Last week in Algorithm Tutorials, I discussed the Heap data structure, and how it is used to make an optimized data structure for retrieving the max/min value of a series and being able to quickly re-prioritize itself as new values are added in use cases such as a priority queue.

As suggested by @aminmansuri in the comments last week, the amazing properties of a heap do not end here. Let's examine heapify and heapSort. If you are unfamiliar with the heap structure, and the bubbleUp and trickleDown manipulations it requires, please first read my previous post



Heapify describes the act of taking an existing, unordered array, and transforming it into a Heap structure. What makes this process intriguing, is that if implemented well, it can be done in place, meaning O(1) space, and in linear, O(n), time versus the expected O(n log n) time.

Three Approaches

To heapify an existing array, we could take one of three approaches:

1) We create a new empty heap, and then iterate through the array, inserting each element of the array into this heap using the insert and bubbleUp functions described in the previous entry. The drawback to this approach, is that not only are we creating an entirely new structure to hold each value, O(n) space, we also need to iterate through each item in the array, O(n), and insert each one, O(log n), which creates an overall time complexity of O(n log n). It works, but we can do better.

To improve our space usage, we would need to create the heap by modifying the existing array elements, and shuffling them within this array as needed using the bubbleUp() or trickleDown() methods.

2) Our first option would be to start at the first item in the array (root of the tree), and iterate through each element and invoking bubbleUp on each one. This would compare each node against its ancestors, and move it further up the tree as necessary. By the time we finish with the last element in the array, each element will have been placed accordingly and we will have our heap.

3) The other option, is to start at the bottom-most node on the tree that has children and iterate up to the root, calling trickleDown on each one. Like the previous option, this would leave each element correctly place once we finish with the root node.
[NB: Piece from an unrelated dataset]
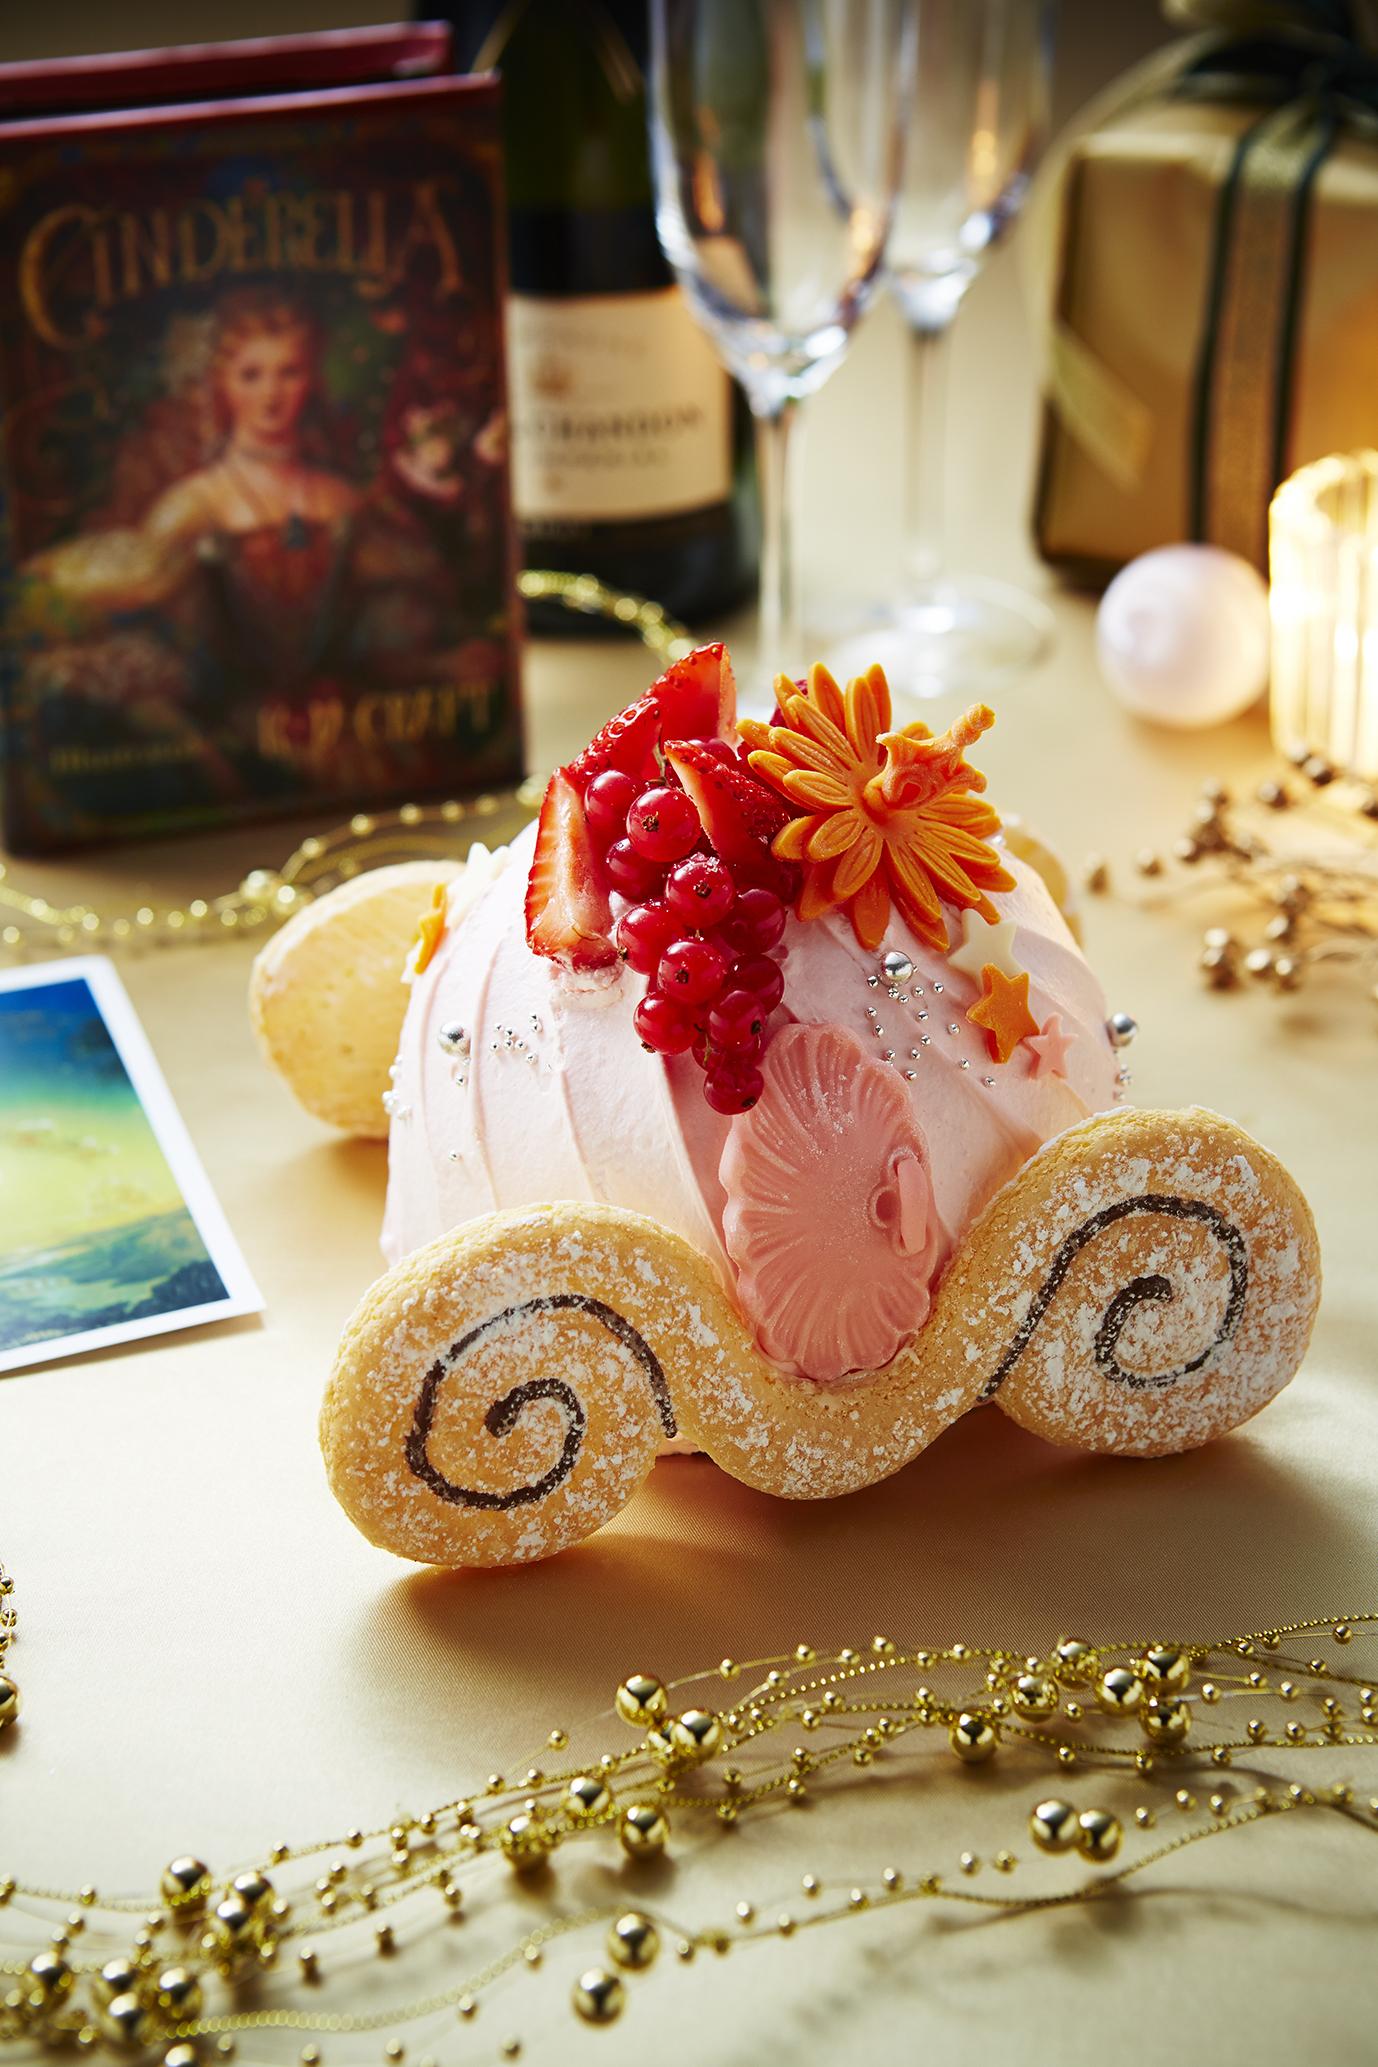 クリスマスケーキは『京王プラザホテル』で早めの準備を!_1

To compare the efficiency of option 2 and 3 above, we need to closely examine the structure of a heap to see how many potential swaps would need to occur for a given node, and how many nodes could be required to do those swaps.

Measuring Efficiency

Let's use a 15 node tree as an example. Mathematically, we can calculate the number of tiers in any tree with log n where n is the number of nodes. In this case, that means 4 tiers. Using the approach in option 2, we could find the worst case total number of swaps by looking at the distance from a node's tier to the root.

15 Node Binary Tree


  • 1 node would have 0 swaps (already the root)
  • 2 nodes on tier 2 could have 1 swap to reach the root
  • 4 nodes on tier 3 could have 2 swaps to reach the root
  • 8 nodes on tier 4 could have 3 swaps to reach the root

Here we can quickly see that as the tree becomes deeper, the number of potential swaps grows quickly since in a tree structure half of the nodes can be in the bottom tier of the tree and will need to potentially swap with the entire depth of the tree. Ultimately, this can be modeled by n/2 * log n for any given tier, which simplifies to O(n log n) like option 1, but without the extra needed space.

For comparison, if we used the approach in option 3 and call trickleDown on each node, the "swap count" would look very different for our 16 node tree:


  • 1 node at the root could have 3 swaps to reach the bottom
  • 2 nodes on tier 2 could have 2 swaps to reach the bottom
  • 4 nodes on tier 3 could have 1 swaps to reach the bottom
  • 8 nodes on tier 4 have 0 swaps( already at the bottom)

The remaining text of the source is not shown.